Exercise objective:
Leaving out the pictures, reproduce each record exactly and in full.

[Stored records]
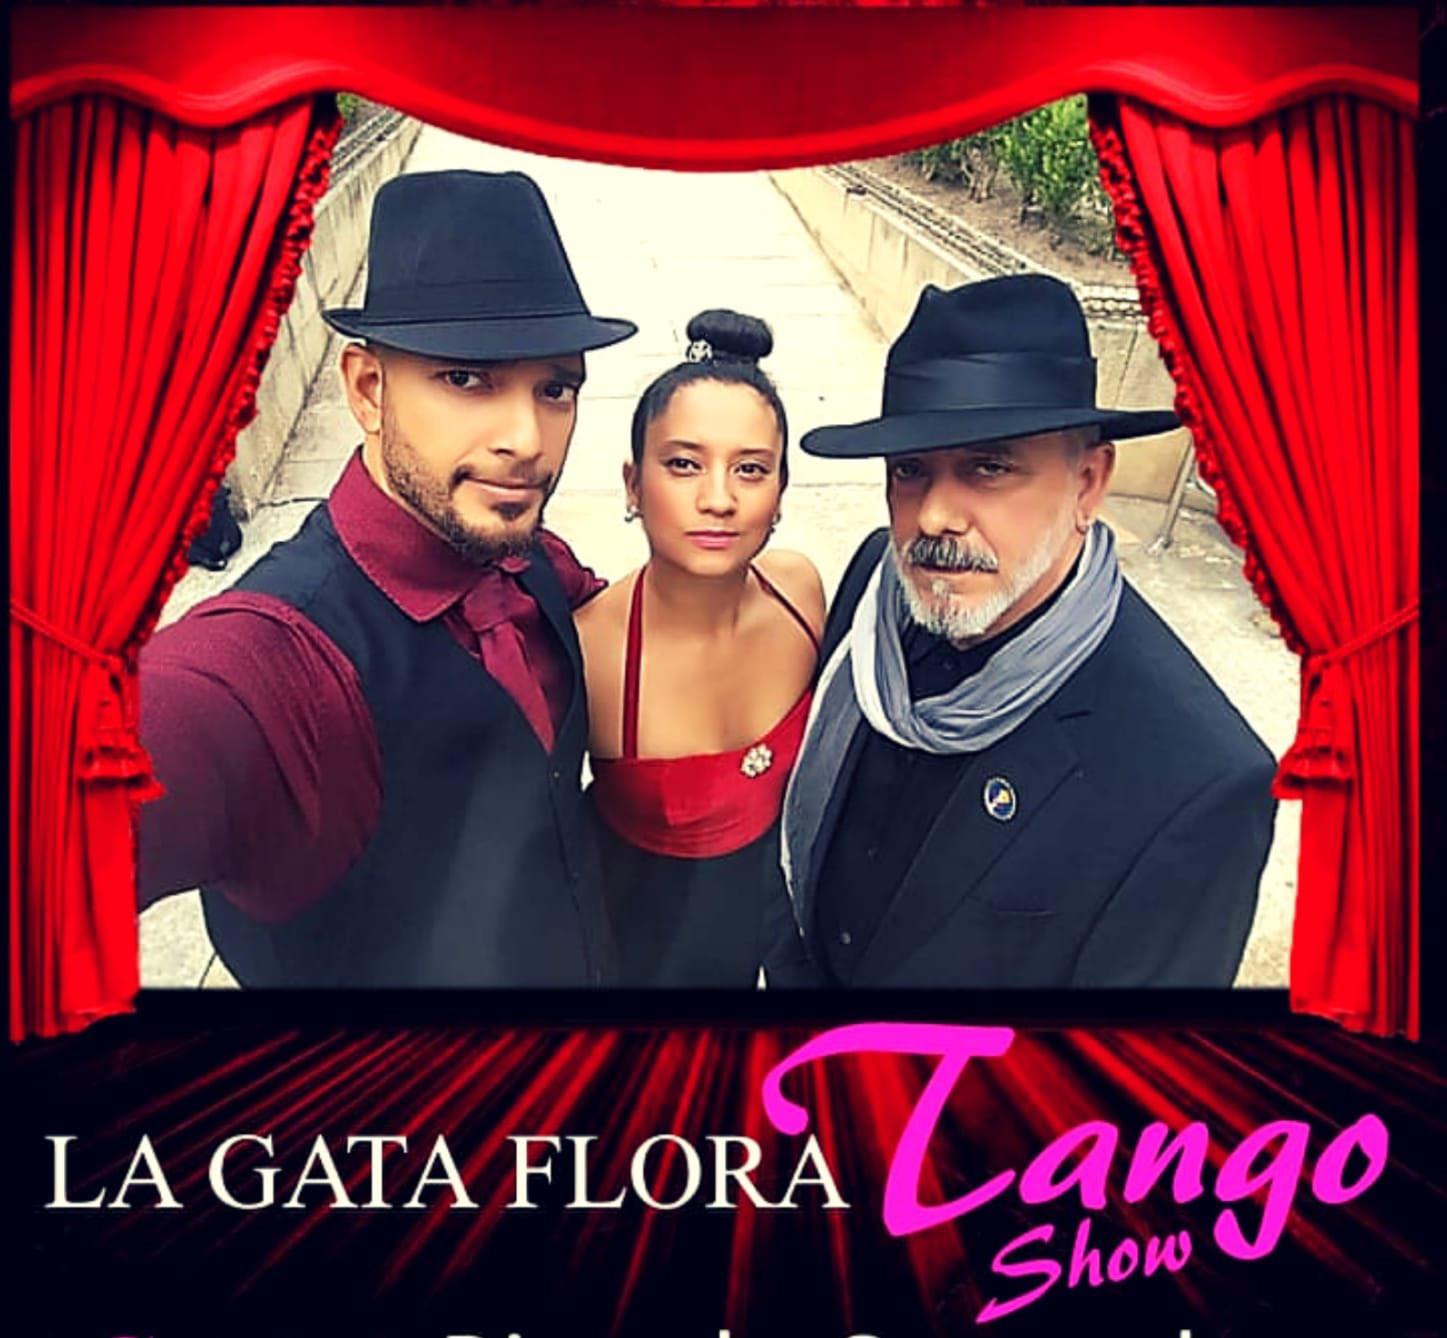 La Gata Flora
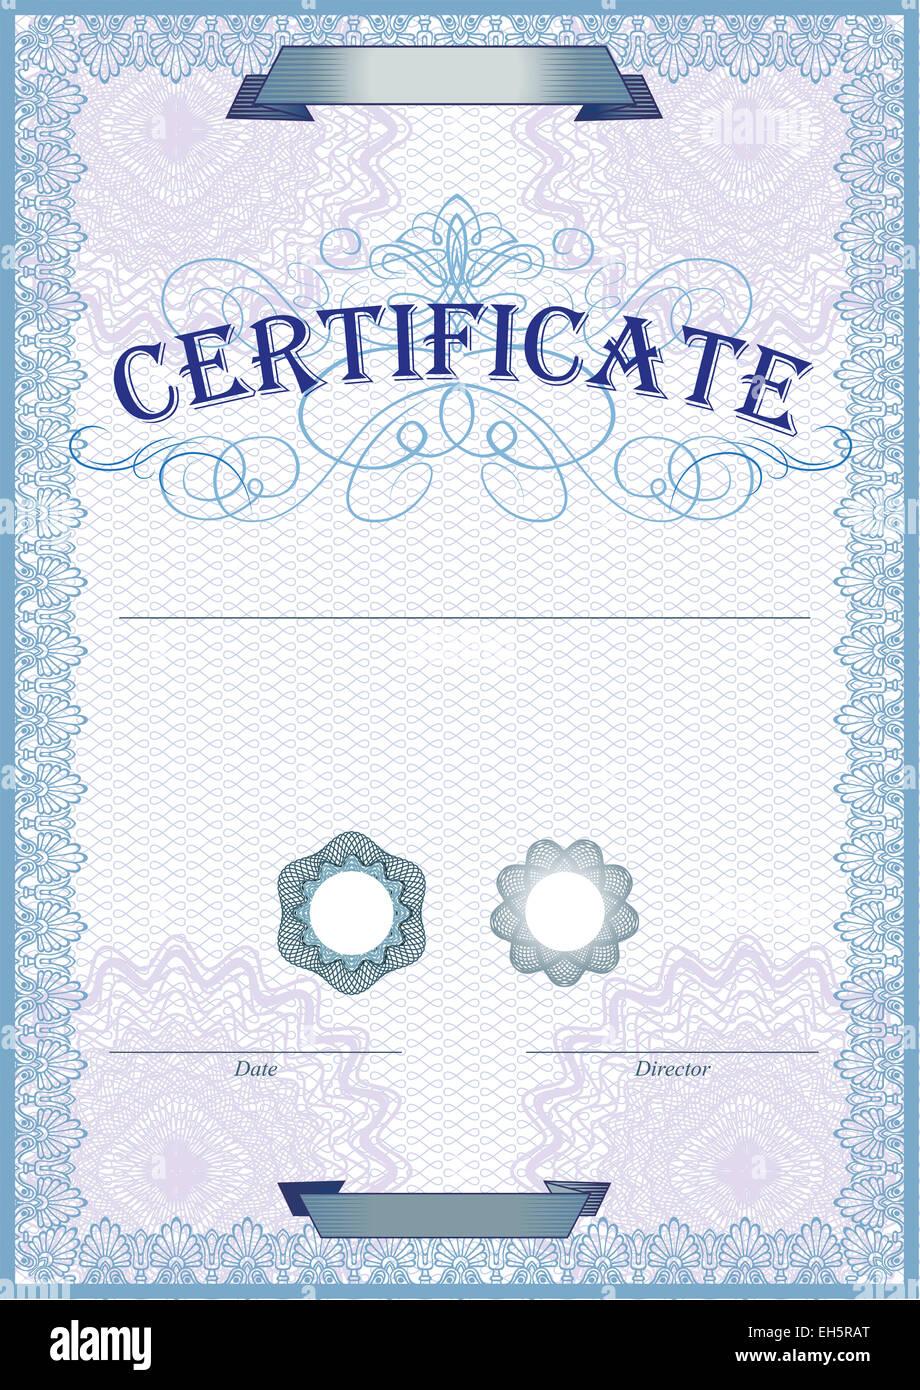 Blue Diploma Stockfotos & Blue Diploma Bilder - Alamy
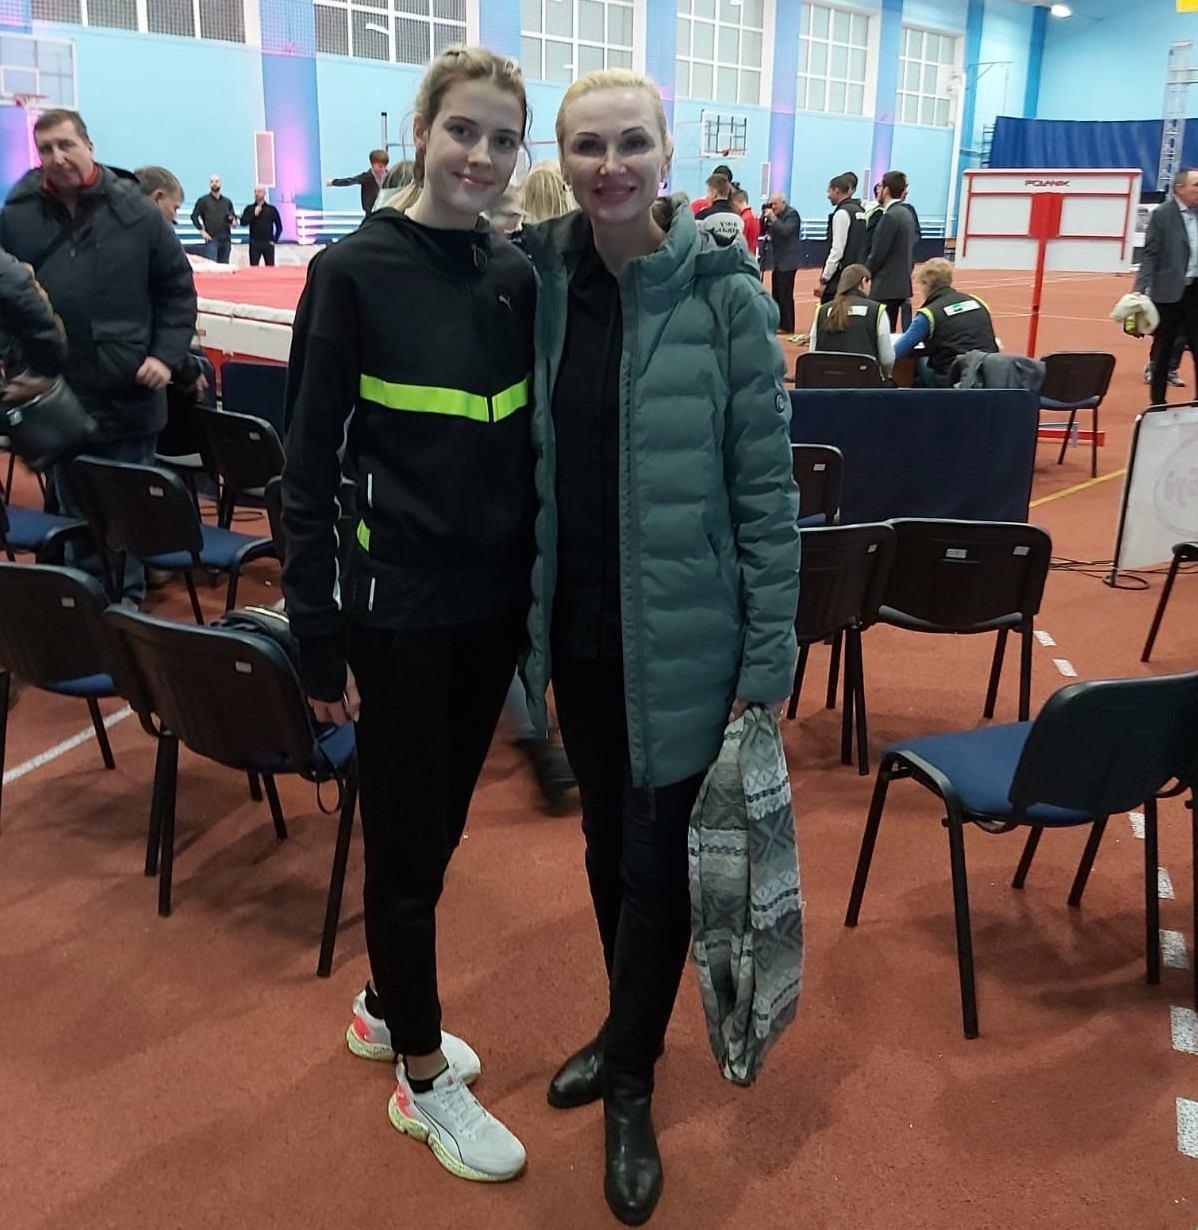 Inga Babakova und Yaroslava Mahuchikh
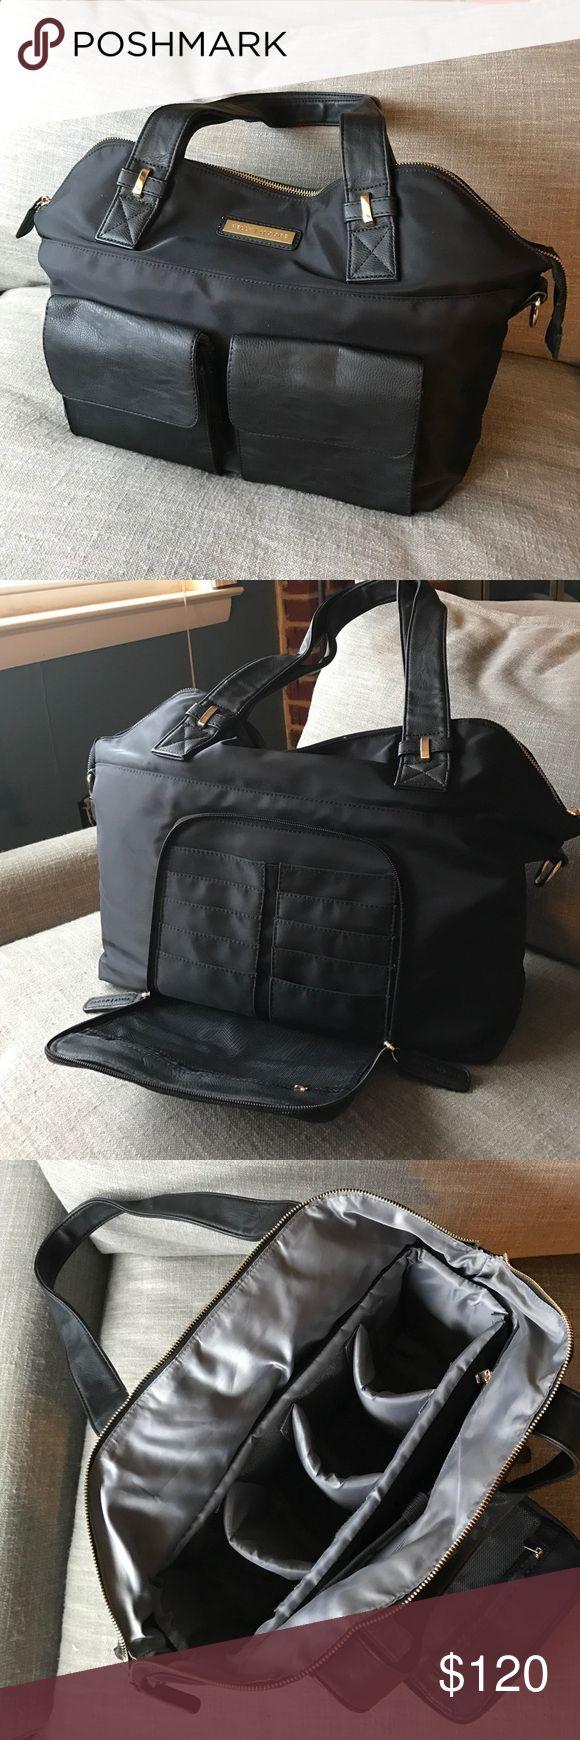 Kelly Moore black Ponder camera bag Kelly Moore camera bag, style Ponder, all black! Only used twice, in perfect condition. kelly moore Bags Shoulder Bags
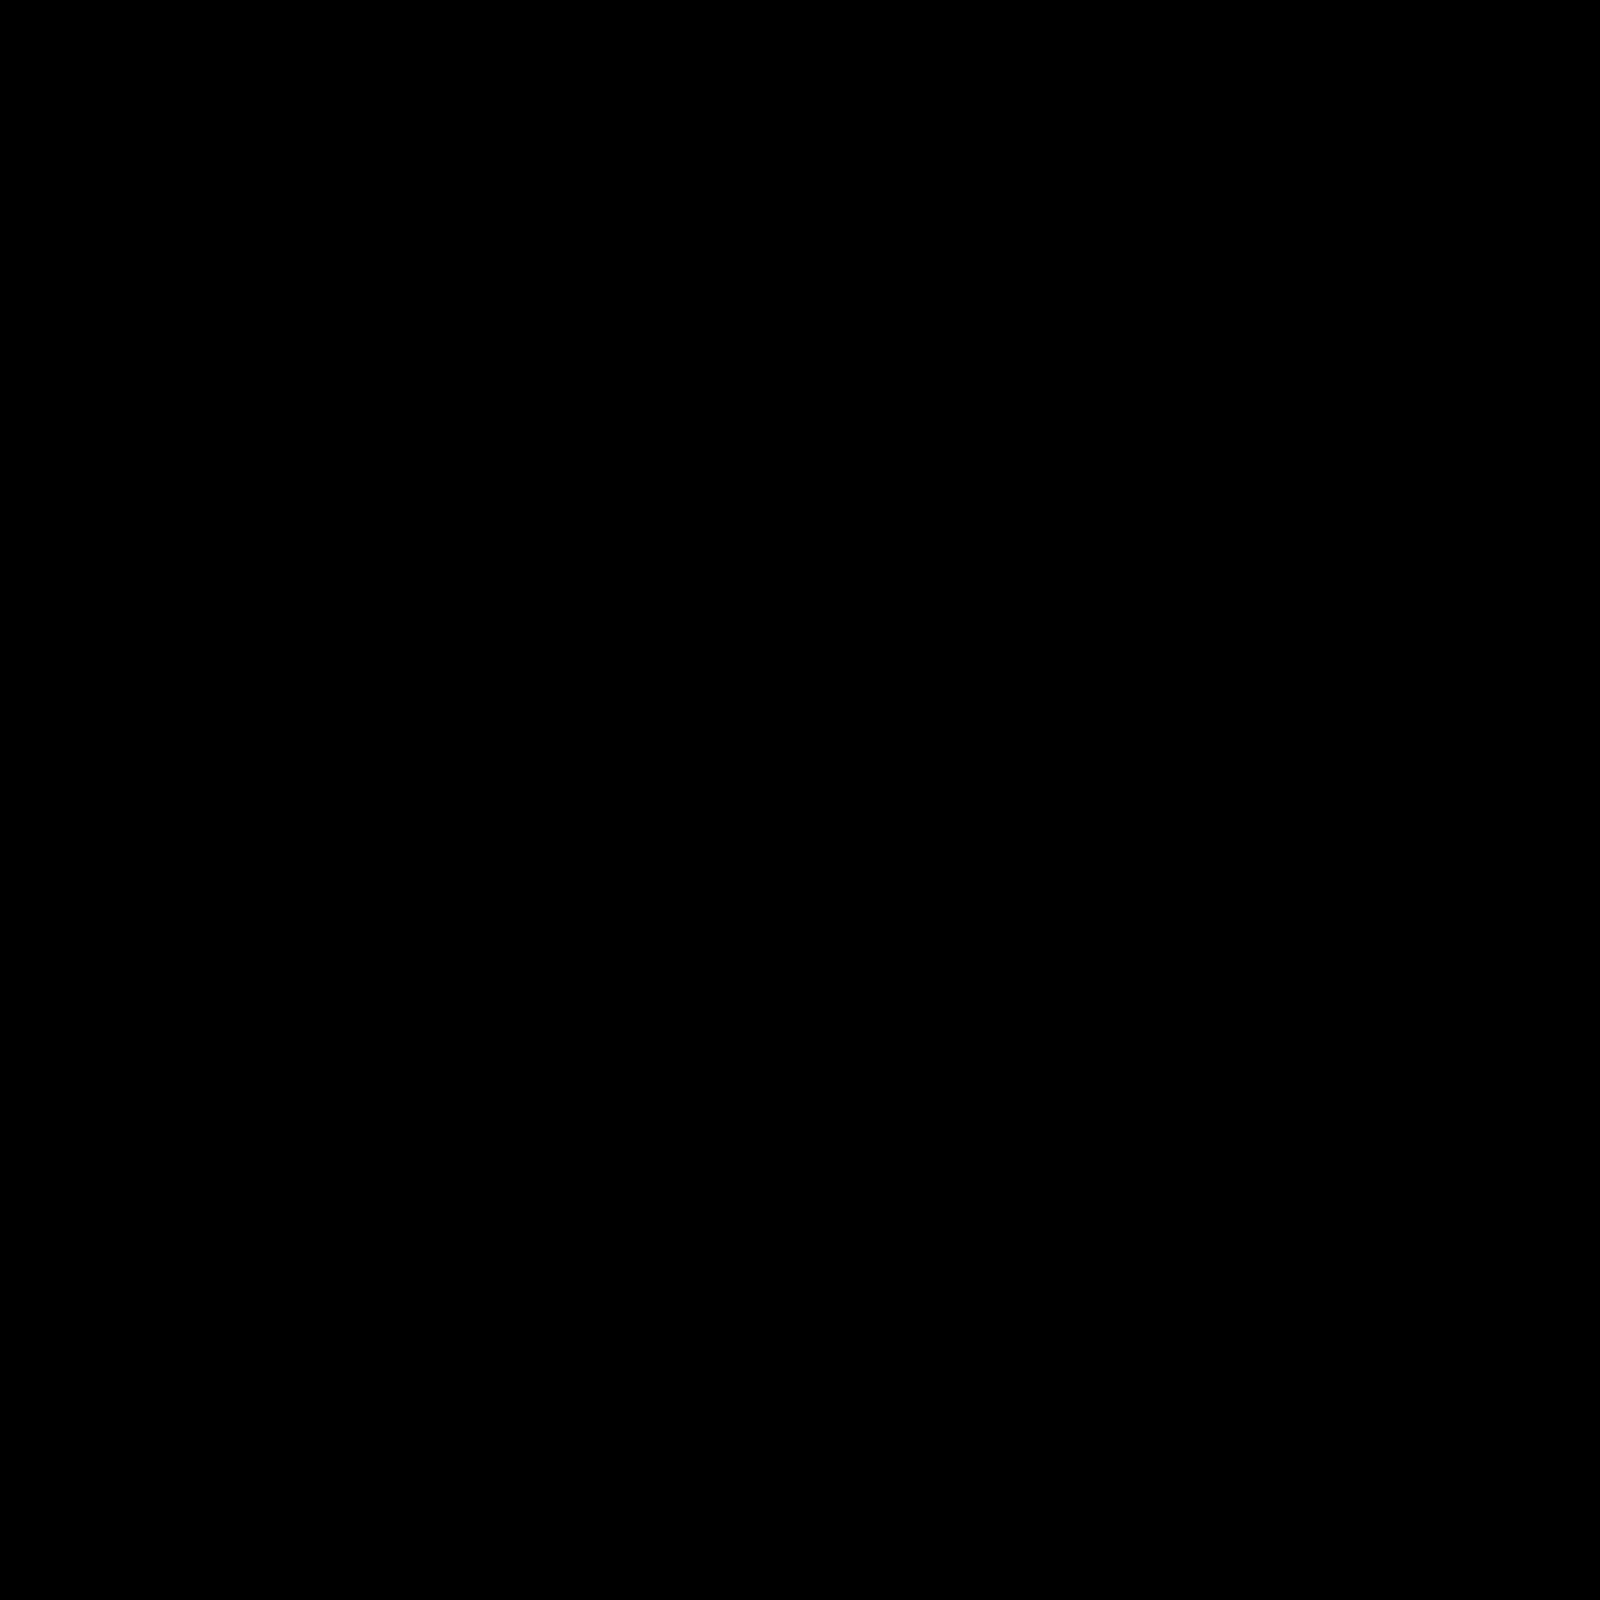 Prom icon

Task result:
 La Gata Flora
 Blue Diploma Stockfotos & Blue Diploma Bilder - Alamy
 Inga Babakova und Yaroslava Mahuchikh
 Kelly Moore black Ponder camera bag Kelly Moore camera bag, style Ponder, all black! Only used twice, in perfect condition. kelly moore Bags Shoulder Bags
 Prom icon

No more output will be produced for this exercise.